Paper 3: Ethnic Identity and Ethnology among the Indigenous Naga Population in a Comparative Context

P.R. Mondal and Neli Daili University of Delhi

The question of identity is crucial in the present time, and of deep concern to every man and nation. One's identity is strenuously guarded and enthusiastically perpetuated across generations. There was a time when identity was not problematic because people lived in isolation, independence and self-sufficiency and so identity was not threatened. The situation has changed. While there is force or dominance by one social group over the other, there is also stiff resistance. Further, while there is on the one hand an easy and smooth absorption into another, on the other hand, there are societies which are becoming self-assertive of their ethnic pride and potentialities. In such circumstances people want to exist with a name and dignity. The indigenous societies in India and the entire world over are aspiring to do so by asserting themselves in the modern society. Nagas are indigenous people living in the Northeast of India. From time immemorial, the Nagas had been inhabiting the Naga Hills as a nation. They have a distinct character, customs, rituals and style of life with geographical, historical, ethnological, linguistic and other features. The ethnic identity of the Nagas was not a problem until the arrival of the British imperialistic power in the 19th century. The British, for their own administrative convenience, divided the Naga territory into various parts without the consent of the Nagas. In the process, a big chunk of the Nagas territory was gifted to the Burma as a present and left the remaining part in India.
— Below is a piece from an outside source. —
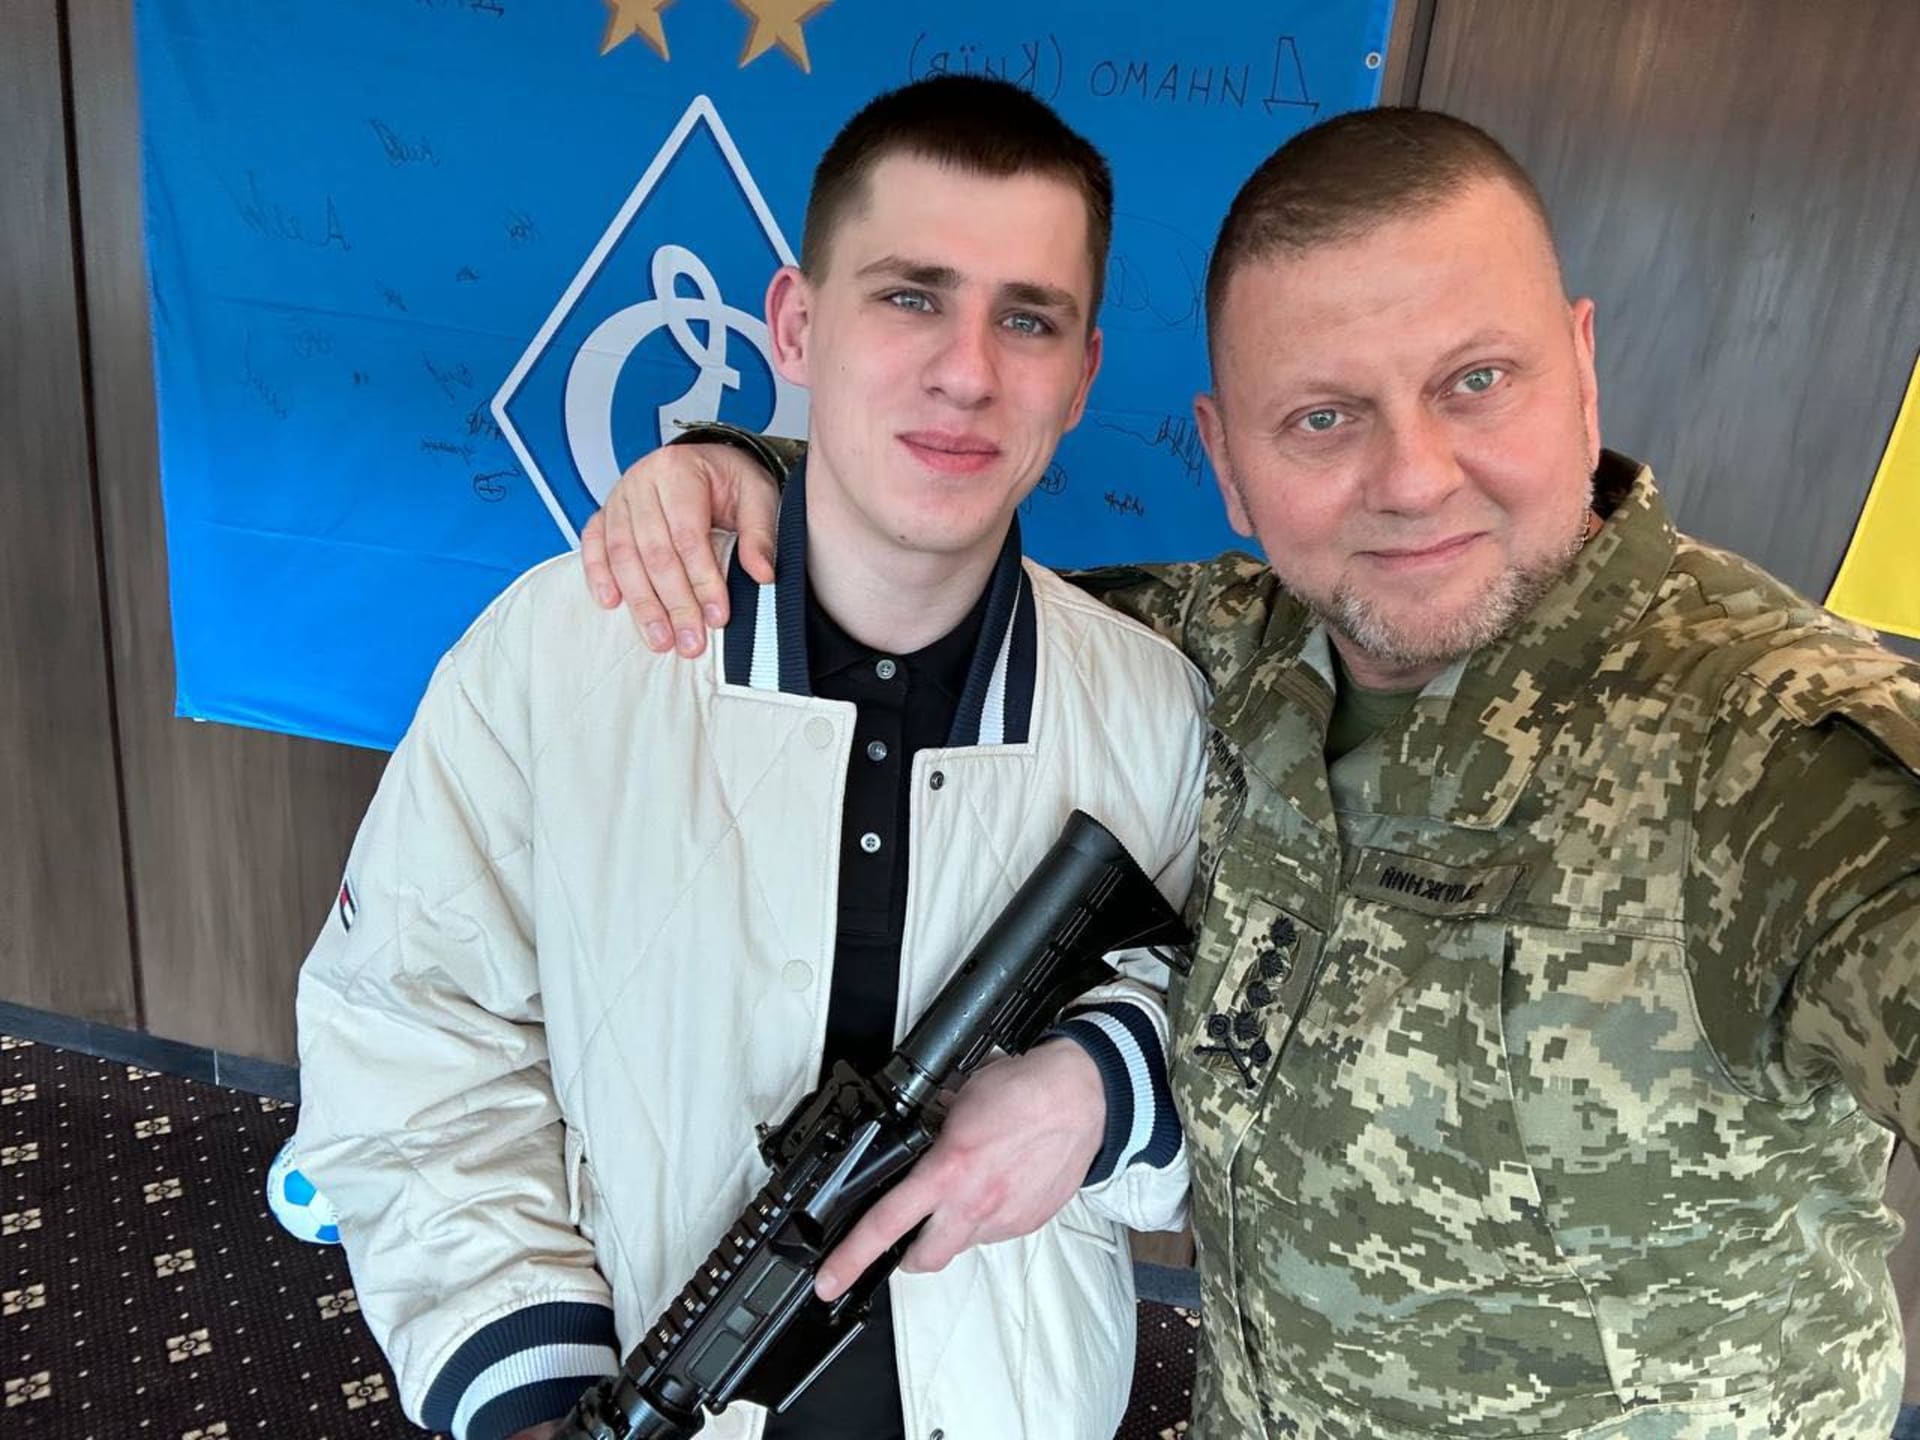 Ukrajinský voják Ruslan Zubarev, který pořídil video z pohledu první osoby ukazující autentické záběry z těch nejdrsnějších zákopových bojů, obdržel vyznamenání Zlatý kříž.

Paper 4: Ethnic Identity of the Buddhists in Pune

Anjali Kurane, University of Pune

Ethnic identity and social mobility are interrelated. Bhat says: "Ethnicity has emerged as a powerful instrument for achievement and mobility in contemporary societies." Ethnicity is the sense of ethnic identity. It is an accurate appreciation of ethnic identity. Ethnic identity is the root from where ethnicity arises. Ethnic identity plays a crucial role in bringing about social mobility of a community on which interaction takes place. Social mobility is the movement of an individual or groups, from one social position to another. It is a change in social object of value, beliefs, anything that has been created or modified by human activity. It is a change in one's education, occupation, income, economic change in conditions, prestige, status, power and wealth. It changes a person's overall social position. Rao (1984's vii), in his Foreword to Bhat's study, says: "Ethnic identity is a significant unit of operation in educational, economic, and political field, which leads to social mobility of the community." In the present study, I have examined the relationship between ethnic identity of the Buddhists in Pune and the consequent social mobility of the community. The present investigation concludes that the maintenance of ethnic identity has become a strong basis for social mobility of the Buddhists, in Pune. Assertion of a new identity contributed to lessening of the social disabilities, dis-privileges and oppression experienced by the Mahars in the Indian social system and led to certain upward social mobility.